I have been tracking since 2012 the case of a one-time senior parliamentary researcher to a now-deceased member of your Lordships’ House. It involves the South Wales Police area. I have identified a number of elements that I regard as questionable. First, there appears to have been the inclusion without proof of names on a database of persons whom the police—on their own whim—thought might be troublesome, and unregulated sharing of those data with other agencies. The standard force wording, which appears without evidence or caution, reads:
“You should be aware that these details will be placed on an anti-social behaviour database which holds information relating to those involved in such behaviour. This information will be held in accordance with the Data Protection Act 1998 and may be shared with partner agencies if this is necessary to prevent crime and disorder, as permitted by the Crime and Disorder Act 1998”.
This seems to bypass the oversight of the data commissioner and is outside the subject data access system.
Secondly, there appear to have been attempts to coerce a neighbour into a deal that was intended to be prejudicial to another claimant party. I quote from an August 2007 neighbour witness statement in connection with a child constantly kicking balls into the adjoining garden. It says:
“At the time of my meeting with the Police in November 2006 we were advised by the Police that the Claimant was well known to them and that they had had many dealings with him.
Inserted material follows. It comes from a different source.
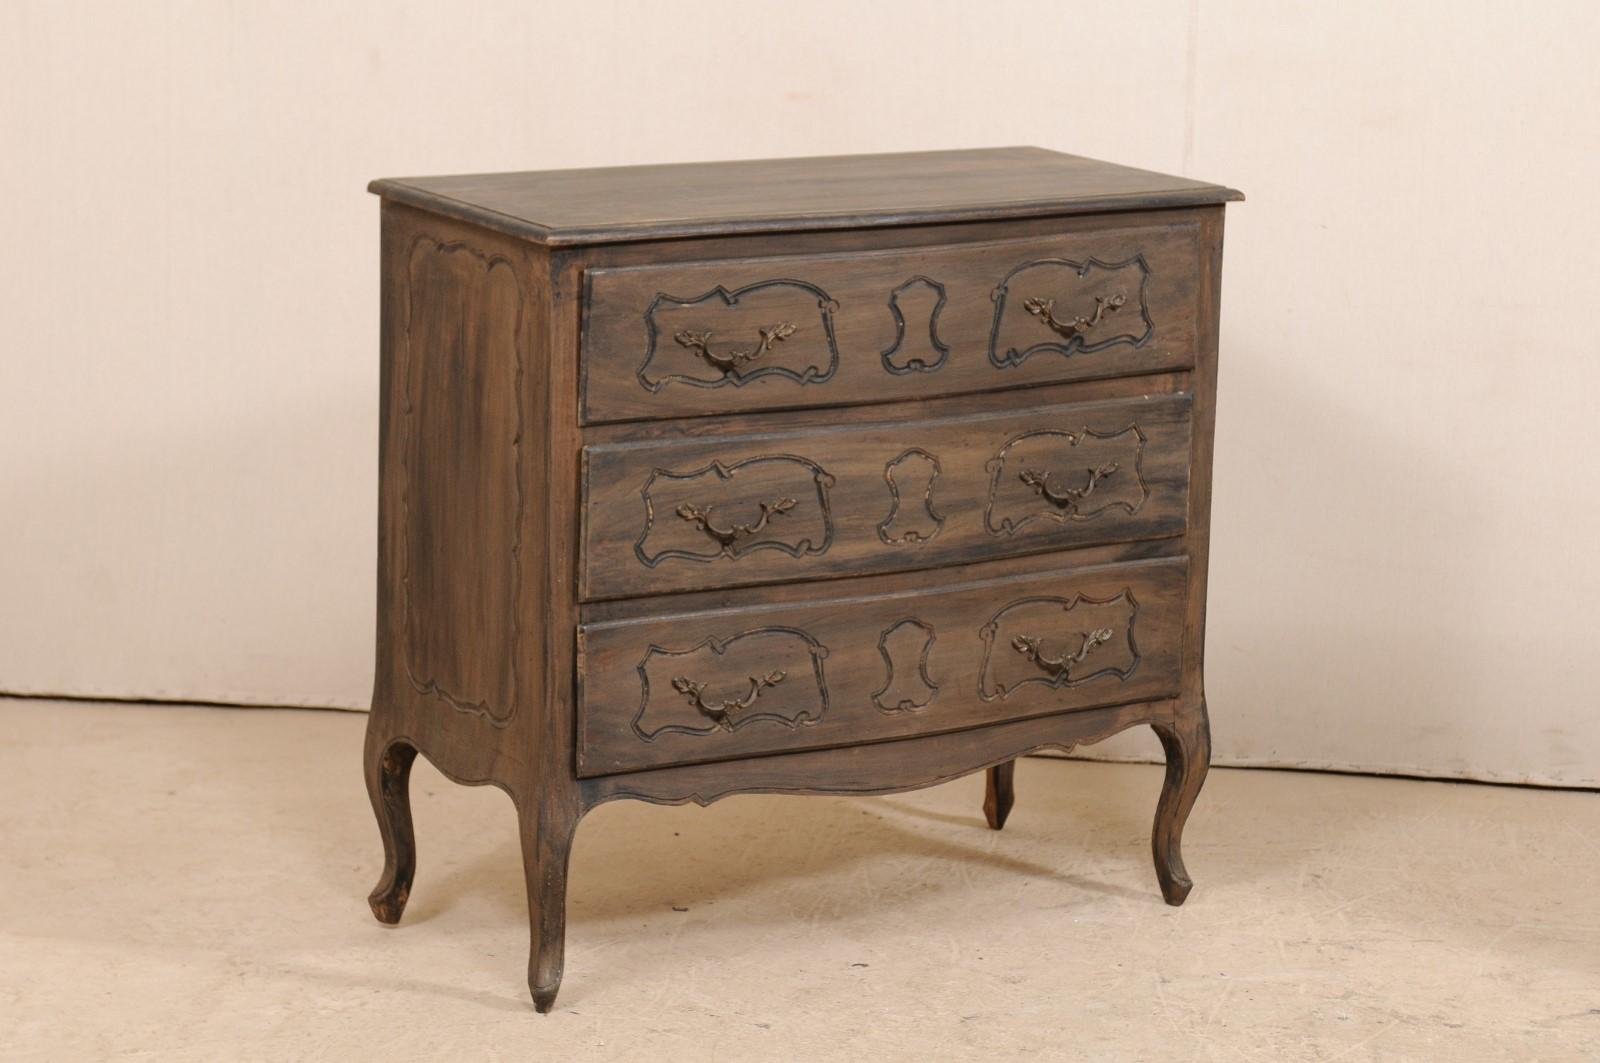 American Pair of Mid-20th Century Painted and Carved Wood Chests on Cabriole Legs

The Police also advised us that should the Claimant’s accusations continue, his next step would be to contact the local Police’s regional superiors and inform them that he had made several complaints regarding balls going into his garden, and that nothing had been done about it. As a consequence, The Police attempted to pre-empt the Claimant’s next step by offering us a kind of ‘deal’ whereby our eldest son”—
I will not give the name—
“(fourteen years old at the time) would accept a Level 1 ASBO for playing football in our back garden in order that the Police could issue the Claimant with a Level 2 or 3 ASBO. I and my wife were very apprehensive about this ‘deal’ at the time and the whole affair”.
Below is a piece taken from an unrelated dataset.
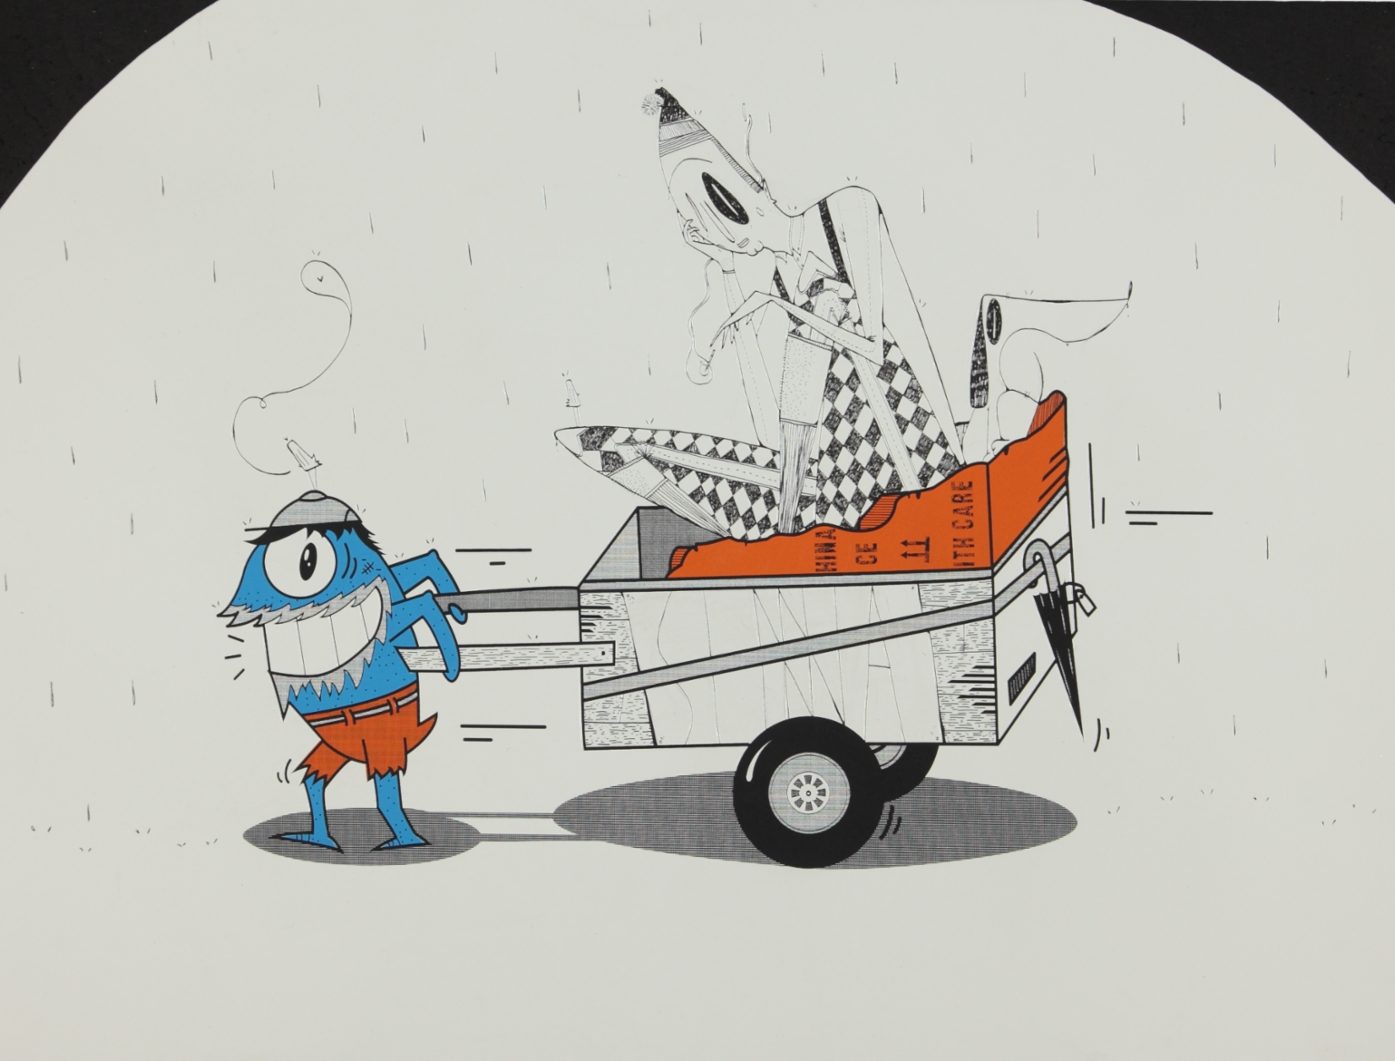 Streetlover by PEZ in collaboration with Alex Senna

Well they might be. I shared those comments with Dr Patrick and he said:
“This may appear to be a minor incident but I suspect it represents the tip of a very large iceberg; it involves the clearest abuse of non-judicial disposals which is blighting the prospects of citizens and risks the criminalisation of childhood”.
It is also an example of what might be termed in the trade “stitching”.
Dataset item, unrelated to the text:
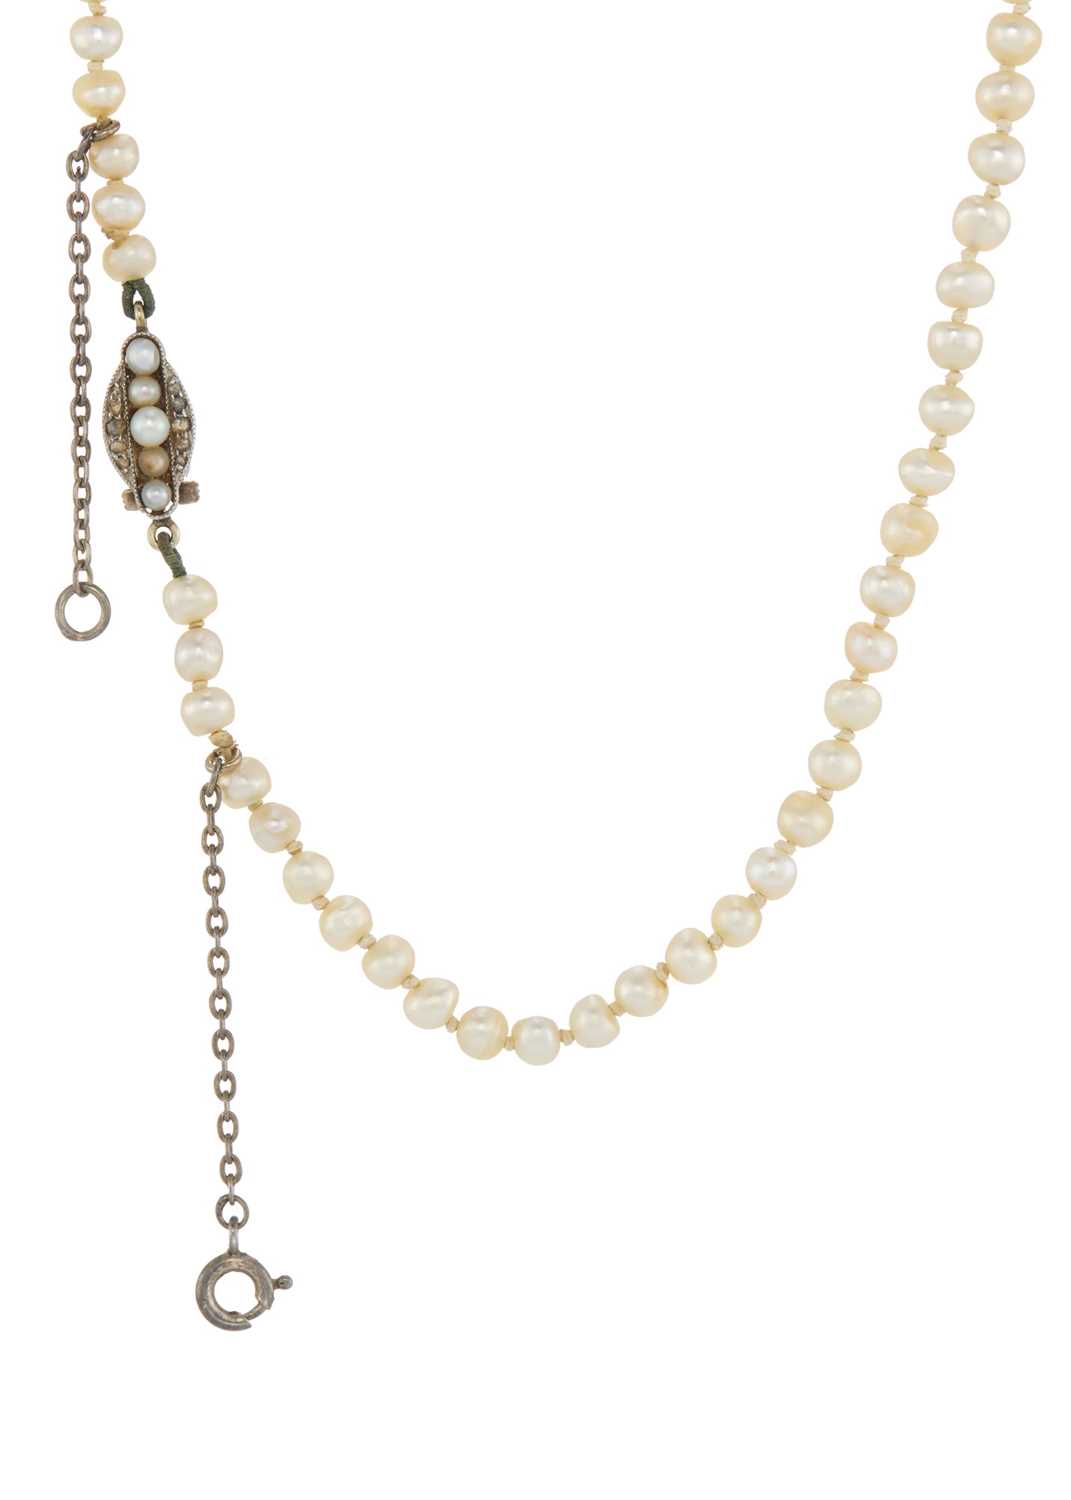 An early 20th century natural pearl necklace, with diamond clasp - Image 2 of 4

Next, there was conflation of what was and should have been treated as a civil property boundary matter into a criminal harassment case. There was the unjustified alteration of a charge sheet without the accused’s knowledge, apparently to beef up the case. Here the amendment was to introduce a false reference to violence—highly significant when one realises that the accused was a keen target shooter and that the amended wording would be fatal to his continued holding of a firearms licence. Then there was interference with witness statements and the use of redacted witness evidence. A piece of information that came to me—indeed, I identified it as false—was a bit of photographic evidence used in the criminal proceedings, which had been doctored. There was the manipulation of process, including defying the order of a judge in relation to disclosure, to the material detriment of a defendant’s case. In addition to all this, important documents mysteriously went missing from the court files so that they could not be brought before the judge.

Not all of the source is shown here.